Exercise directions – Write out the records that appear below, verbatim and complete, but without pictures.

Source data
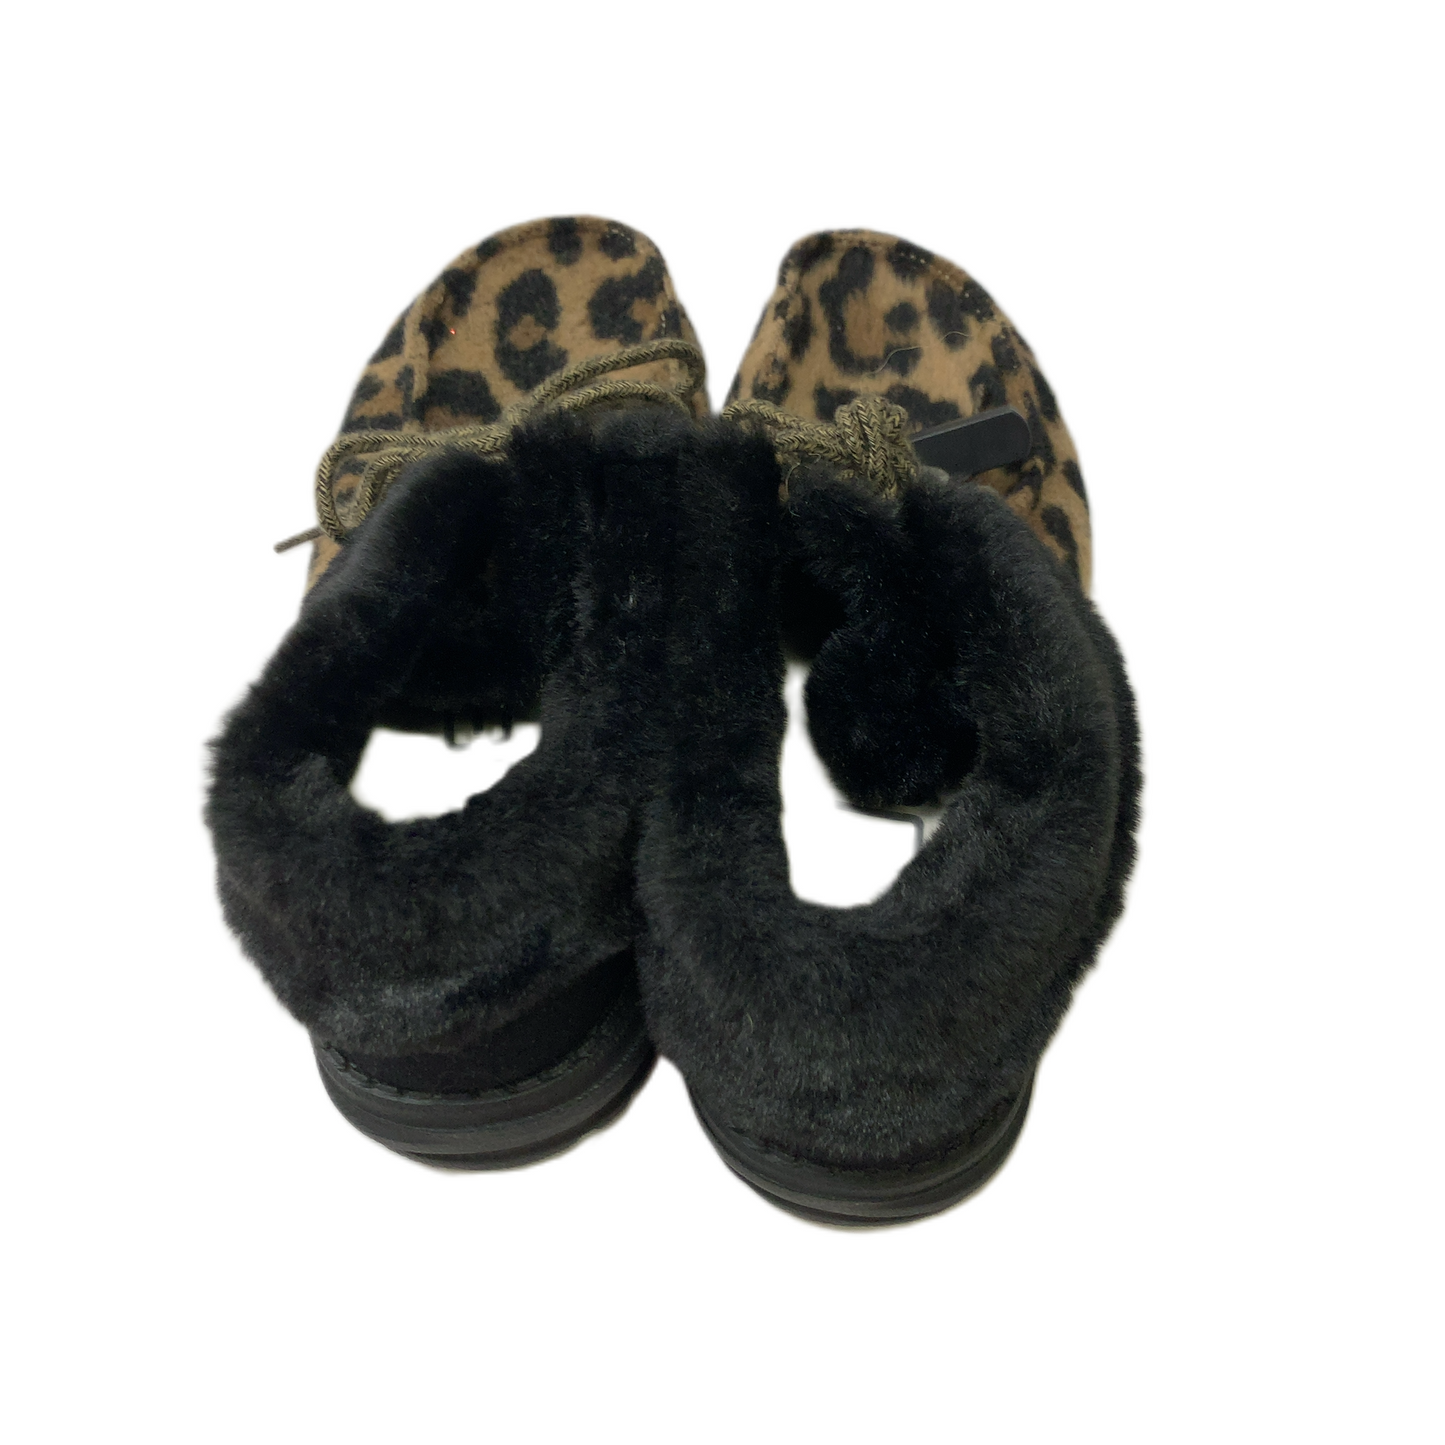 Animal Print  Shoes Flats By Hey Dude  Size: 7
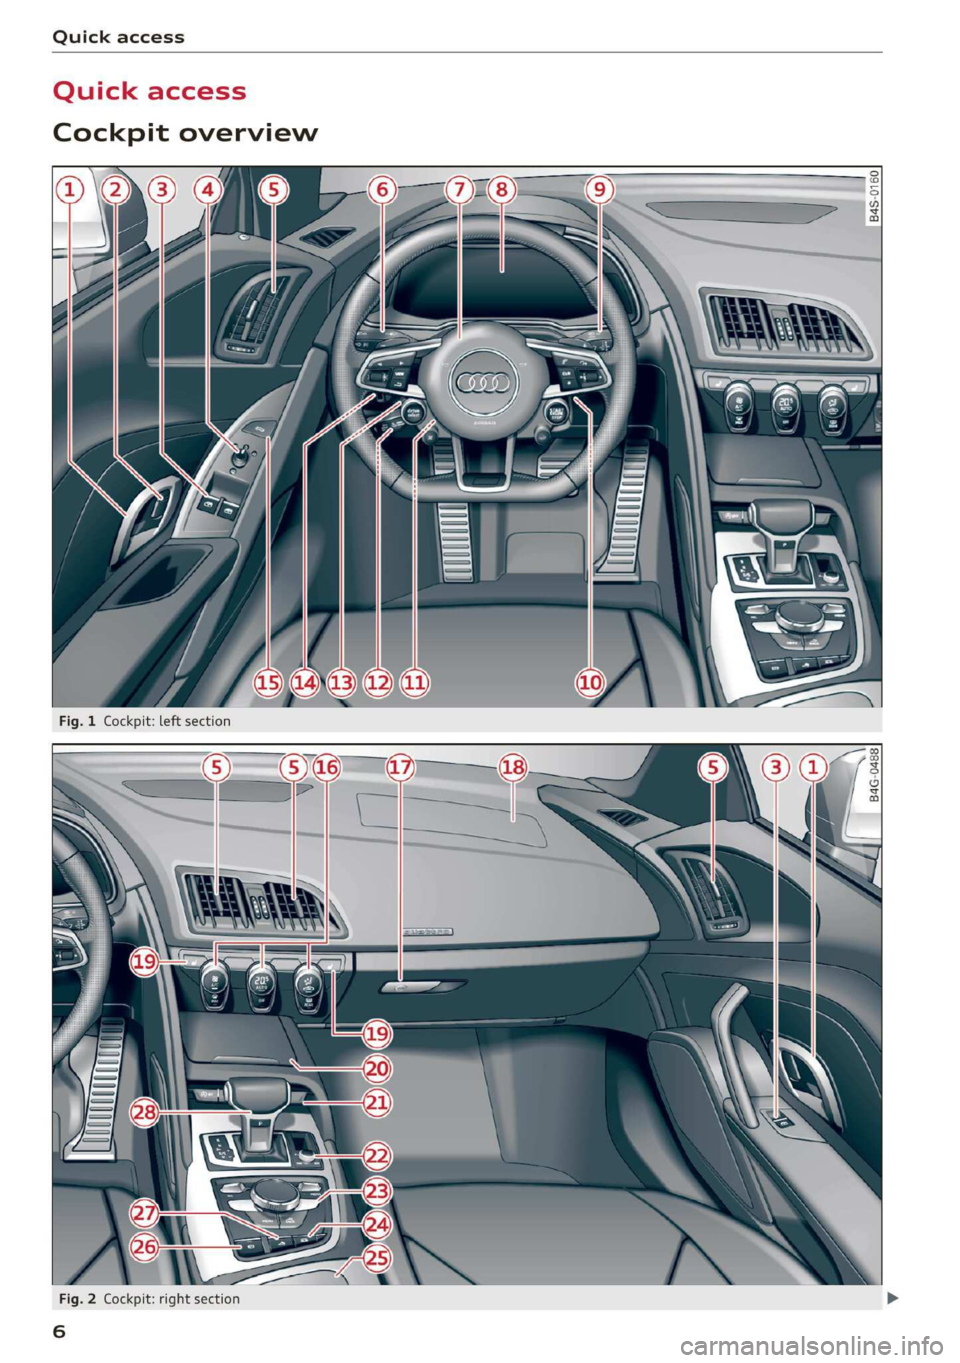 AUDI R8 COUPE 2020  Owners Manual Quick access 
Cockpit overview 
    
B4s-0160 
              
  
  
  
  
  
Fig. 2 Cockpit: right section 
6

Output of the exercise –
 Animal Print  Shoes Flats By Hey Dude  Size: 7
 AUDI R8 COUPE 2020  Owners Manual Quick access 
Cockpit overview 
    
B4s-0160 
              
  
  
  
  
  
Fig. 2 Cockpit: right section 
6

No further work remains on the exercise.